▶ _Data excerpt_
____
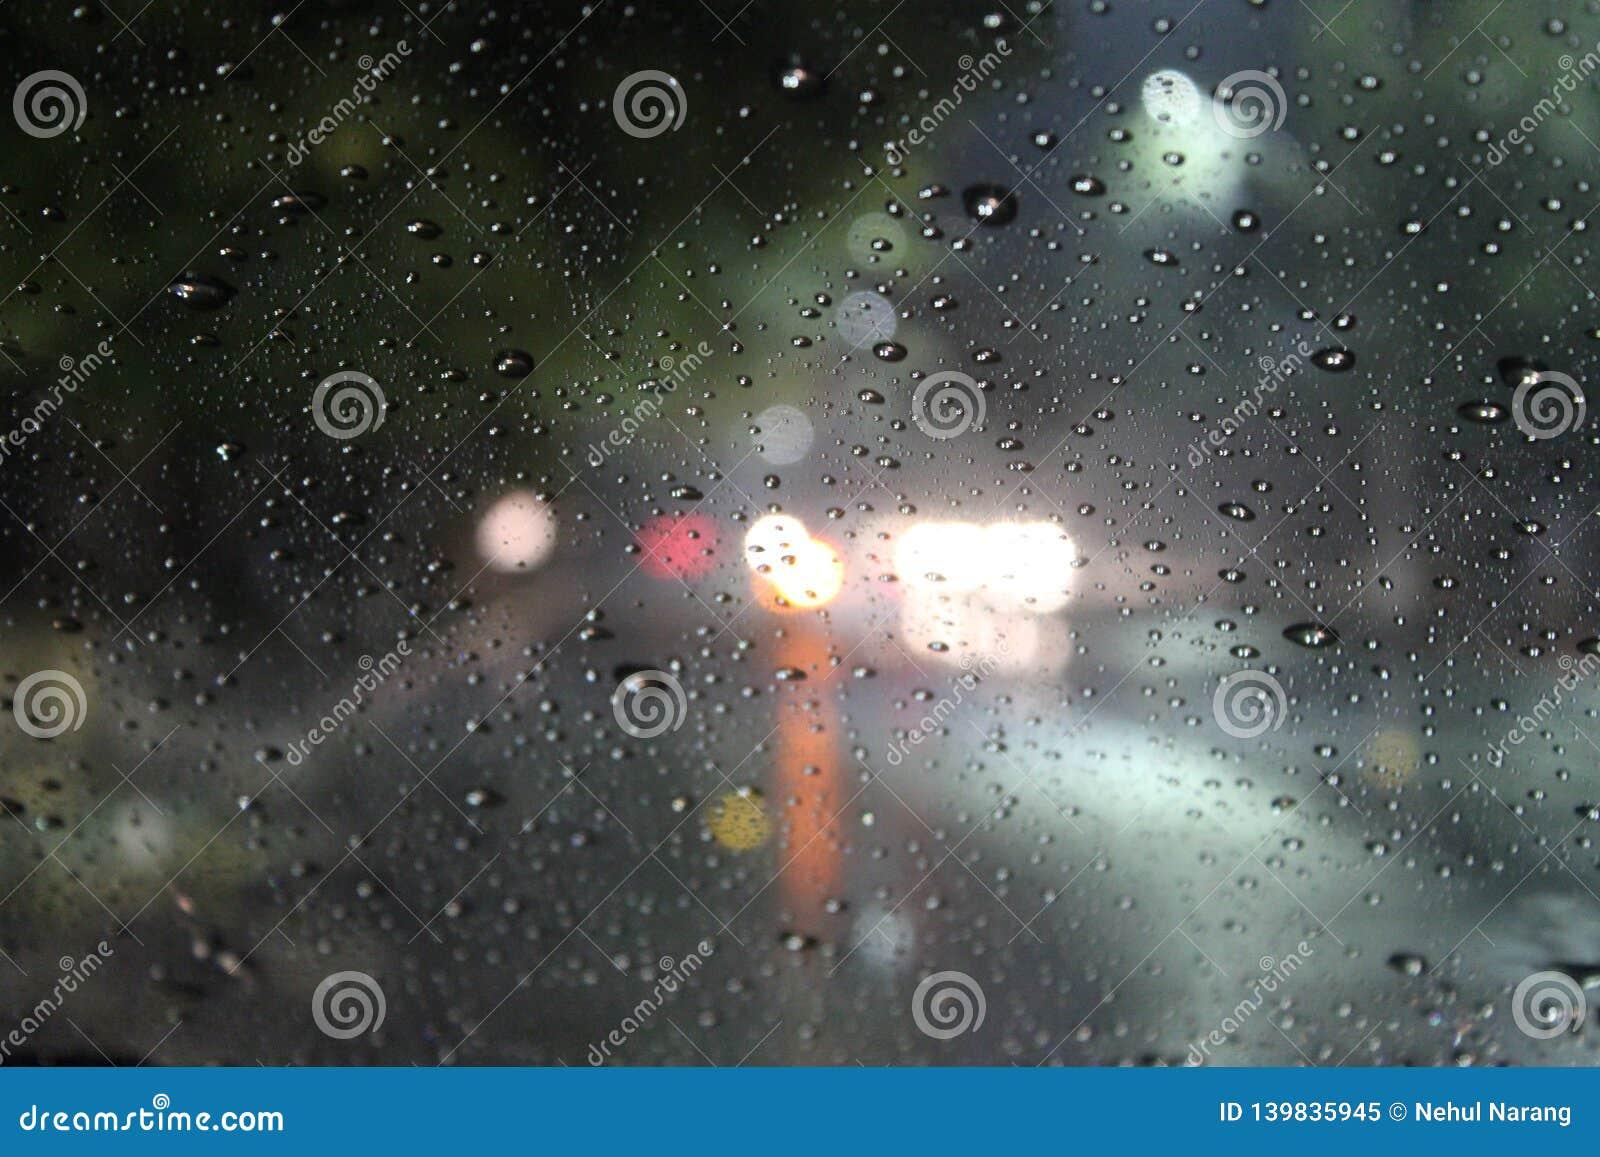 Goccioline di acqua su una finestra di vetro su una notte piovosa perfetta per le citazioni
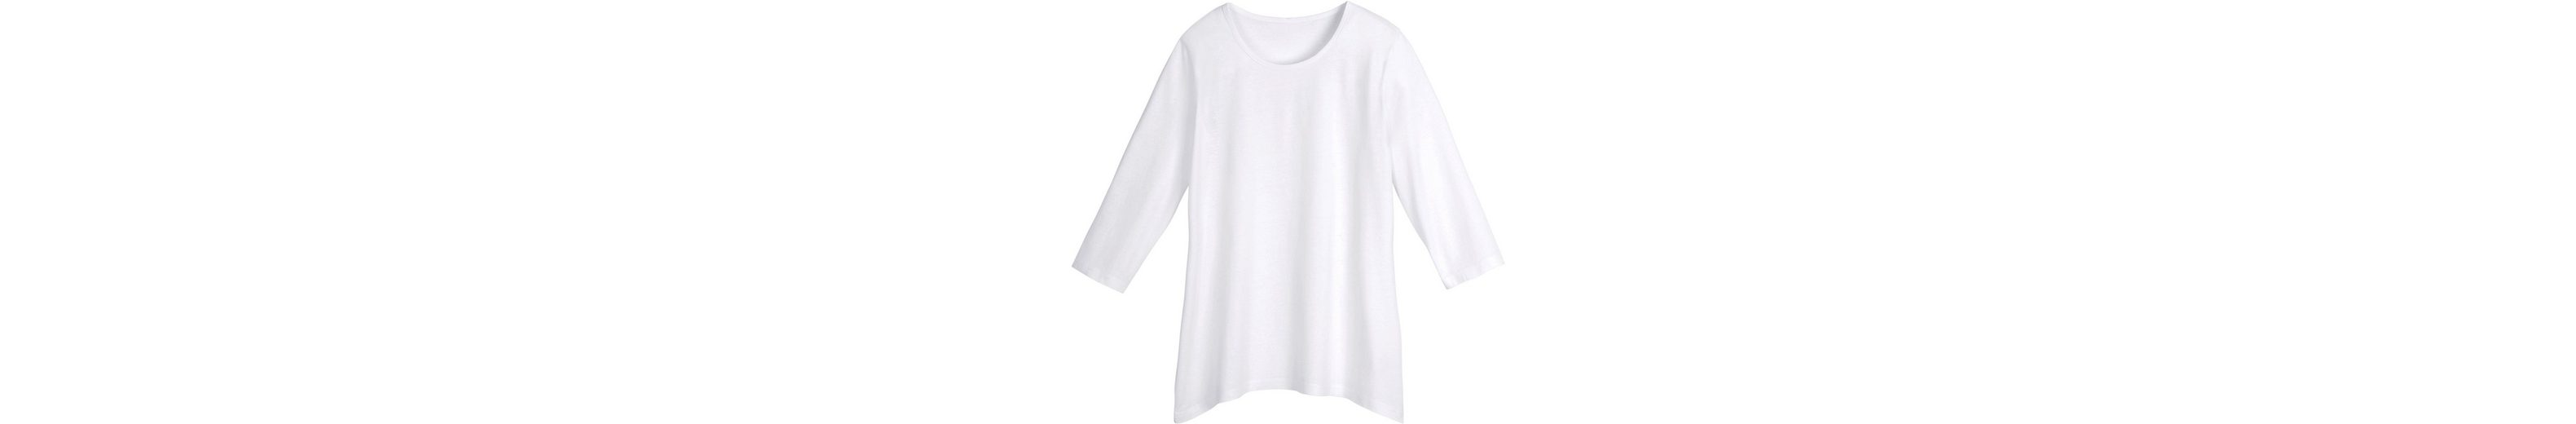 Classic Basics Shirt mit 3/4-Ärmeln Freies Verschiffen Kauf qWgMMUBRs6
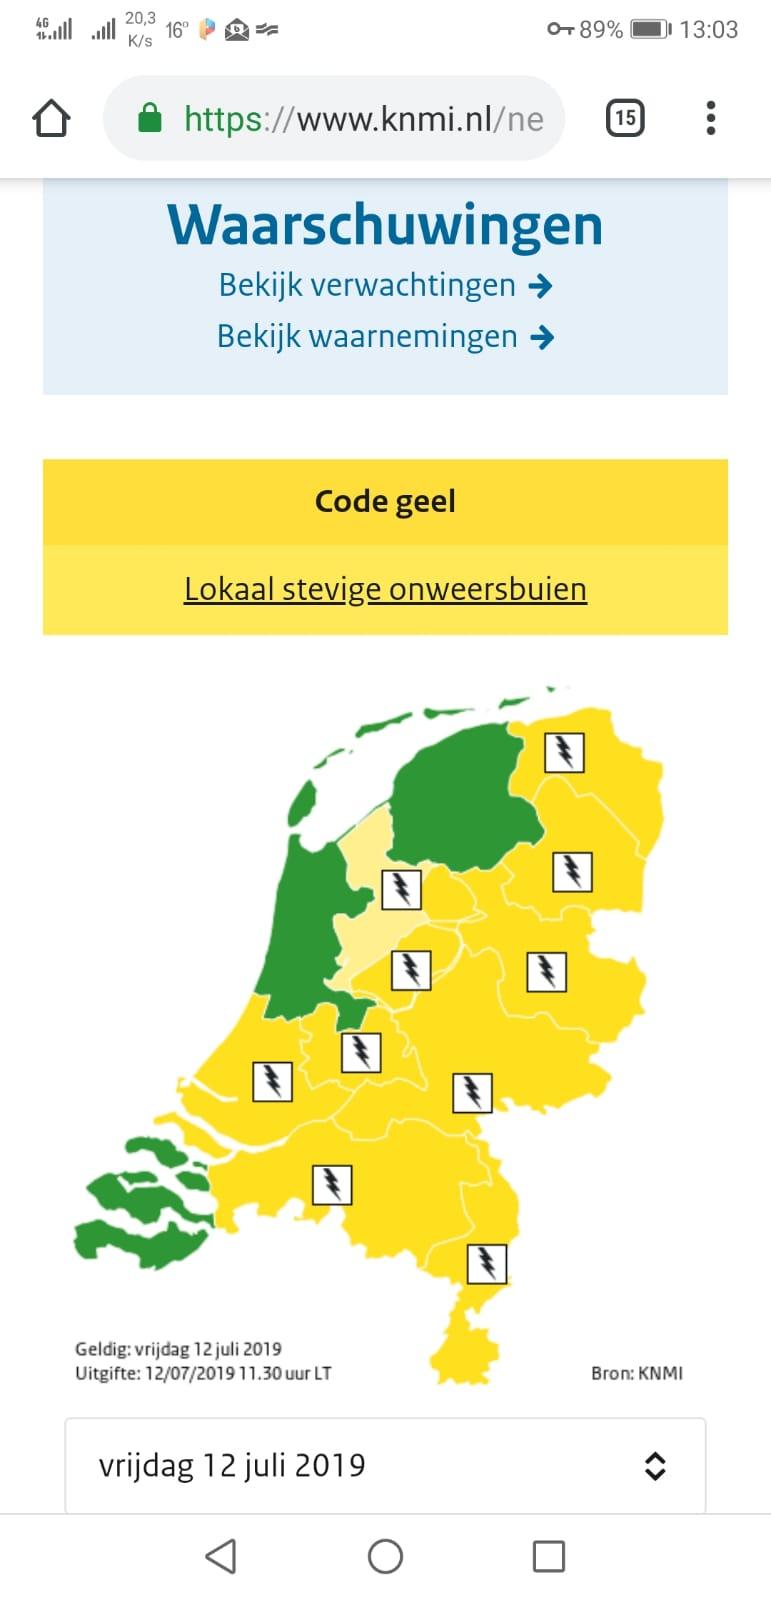 Code geel voor onweersbuien
____
▶ _Activity_
Please write out exactly the lines from the one holding "Classic Basics Shirt" through the last line of the material above, both included, as a copy without pictures.

▶ _Exercise result_
 Classic Basics Shirt mit 3/4-Ärmeln Freies Verschiffen Kauf qWgMMUBRs6
 Code geel voor onweersbuien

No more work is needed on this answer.